Based on fundamental principles of fluid dynamics, a vessel’s payload capacity primarily depends on its displacement volume—that is, the weight of water displaced by the portion of the hull submerged in water. All other conditions poseidon boat being equal, the longer the hull, the greater the displacement volume, and thus the greater the theoretical payload capacity.
Taking our aluminum landing craft series as an example, this principle is clearly illustrated:
| Model | Length | Beam | Maximum Load Capacity |
|---|---|---|---|
| 5.8m Landing Craft | 5.8 meters | 2.2 meters | 0.6 Ton |
| 7.9m Landing Craft | 7.9 meters | 2.45 meters | 1 Ton |
| 9m Landing Craft | 9 meters | 2.45 meters | 3 Tons |
| 10m Landing Craft | 10 meters | 3 meters | 4 Tons |
| 11m Landing Craft | 11 meters | 4 meters | 6 Tons |
| 12m Landing Craft | 12 meters | 4 meters | 6 Tons |
| 13m Landing Craft | 13 meters | 4 meters | 7 Tons |
| 14m Landing Craft | 14 meters | 5 meters | 10 Tons |
| 15m Landing Craft | 15 meters | 5 meters | 10 Tons |
| 18m Landing Craft | 18 meters | 5 meters | 15 Tons |
| 20m Landing Craft | 20 meters | 5 meters | 20 Tons |
| 21m Landing Craft | 21 meters | 6 meters | 30 Tons |
From 5.8 meters to 21 meters, as length increases, the load capacity steadily rises from 0.6 ton to 30 tons. This positive correlation is a fundamental principle of vessel design and the most commonly used reference metric for purchasers during the initial screening of vessel types.
However, length is not the only determining factor. Beam and draft also have a significant impact on load capacity.

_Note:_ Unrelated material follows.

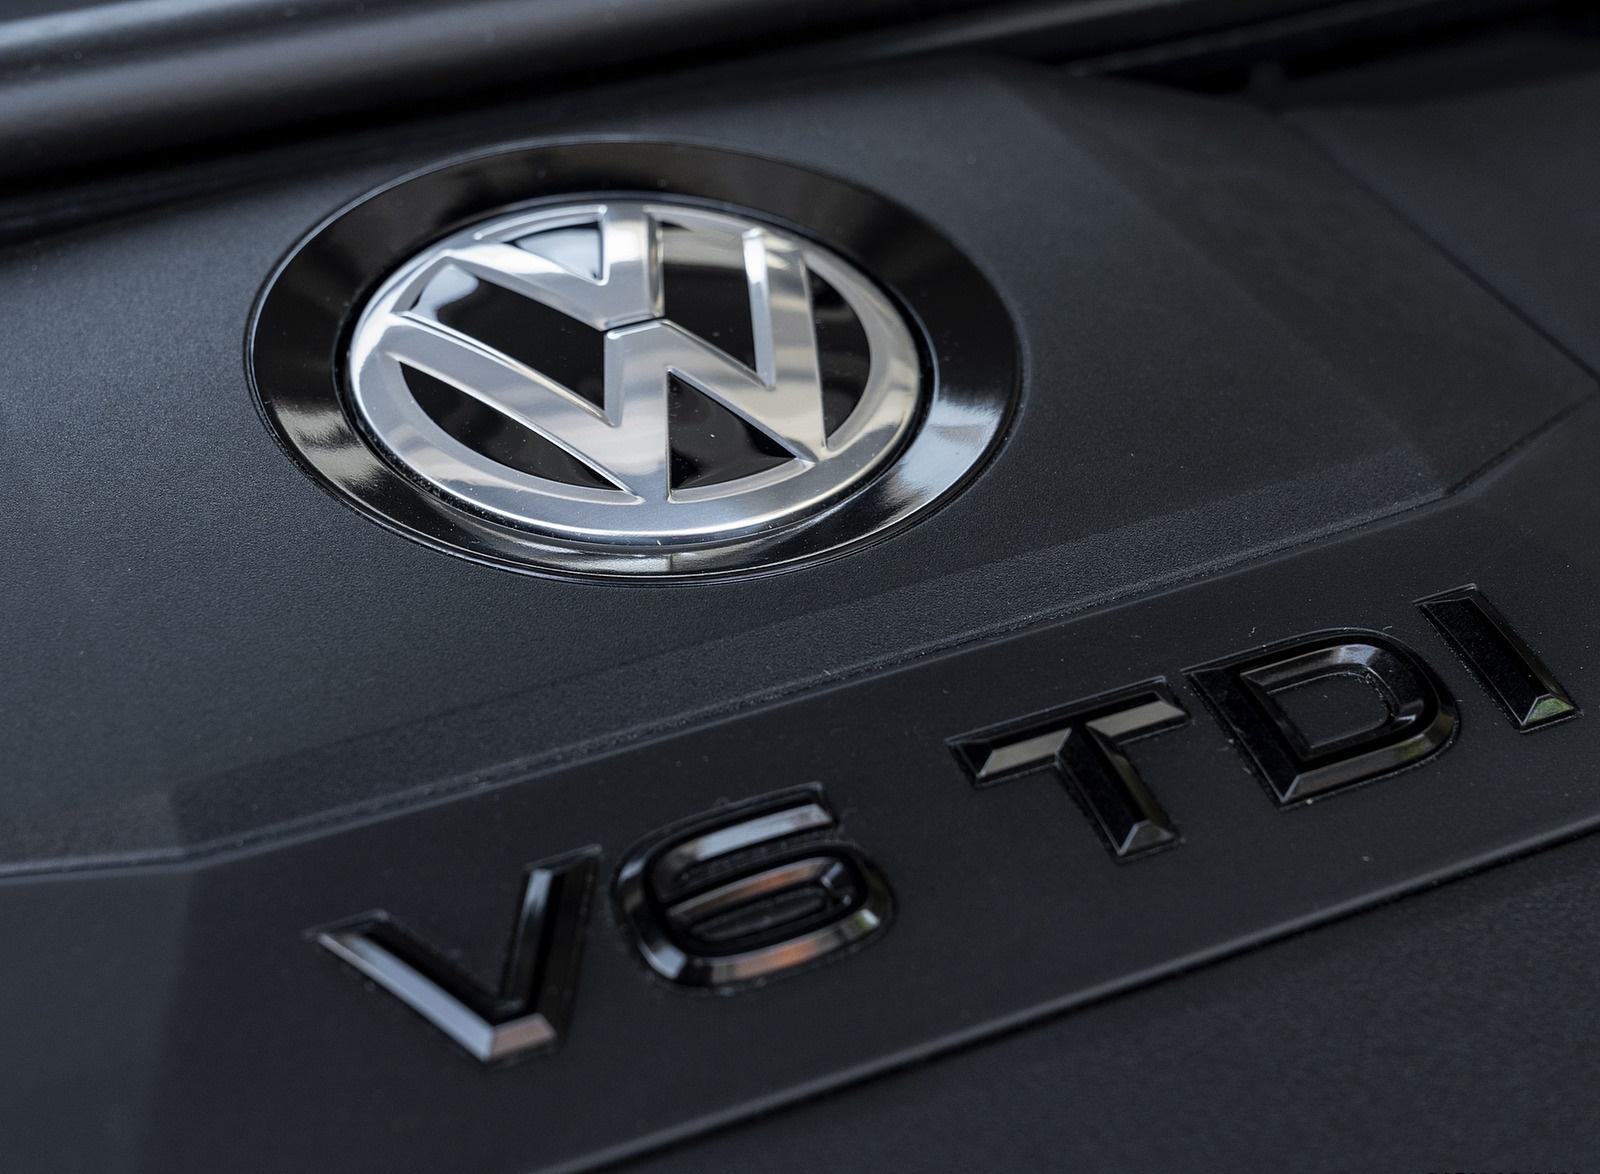 2019 Volkswagen Touareg V6 TDI R-Line (UK-Spec) Engine Wallpapers #34 of 43

Let’s compare our two 9-meter aluminum landing craft models:
9-meter narrow-body version: Beam 2.45 meters, draft 1.49 meters, load capacity 3 tons
9-meter wide-body version: 3.0 meters wide, 1.49 meters deep, 3.5-ton payload
With the same length, increasing the beam by just 0.55 meters boosts the payload capacity by nearly 17%. This is because a wider hull provides greater deck area and displacement volume.
Now consider the comparison between the 12-meter and 14-meter models: The 14-meter model is 2 meters longer than the 12-meter model, but its load capacity increases from 6 tons to 10 tons—a 70% increase. This is not solely due to the added length; more crucially, the 14-meter model’s beam increases from 4 meters to 5 meters, and its draft increases from 1.69 meters to 2.08 meters. It is the simultaneous expansion of these three dimensions that achieves this significant leap in load capacity.
For purchasers, this means: If you are limited by berth length and can only choose a 12-meter model but require a load capacity of nearly 10 tons, you can achieve this by selecting a wider hull design.
The most significant difference between landing craft and other vessel types lies in their extreme pursuit of shallow draft. Flat-bottomed or shallow V-shaped designs allow aluminum landing craft to navigate in water depths of 0.3–0.7 meters, but this design also involves trade-offs in payload efficiency.
Although deep-V hulls have a deeper draft, they offer a larger underwater volume and, theoretically, a higher load capacity for the same length and width. To achieve shallow-water maneuverability, landing craft must sacrifice some load-carrying efficiency. This is why landing craft of the same length typically have a lower load capacity than conventional cargo ships of comparable dimensions.
Take our 11-meter aluminum landing craft as an example: with a draft of just 0.31 meters, it can carry a payload of 5–6 tons—an outstanding performance among shallow-draft vessels. This balance is achieved through the high-strength properties of marine-grade aluminum—the lightweight hull structure frees up more space for the payload.
No matter how high a vessel’s theoretical load capacity may be, if its structural strength cannot keep pace, it will face risks during actual operation. Can the deck withstand the concentrated load of heavy equipment? Can the hull withstand the impact of beaching? The answers to these questions determine the actual safe load capacity.
Our entire range of aluminum landing craft is constructed using marine-grade aluminum (5083 alloy), with a uniform bottom plate thickness of 6–7 mm and specialized reinforcements at critical stress points. Taking the 14-meter model as an example, its deck’s uniformly distributed load strength has been rigorously calculated to safely support the concentrated load of two trucks. This design with structural redundancy ensures consistency between the theoretical load capacity and the actual usable load capacity.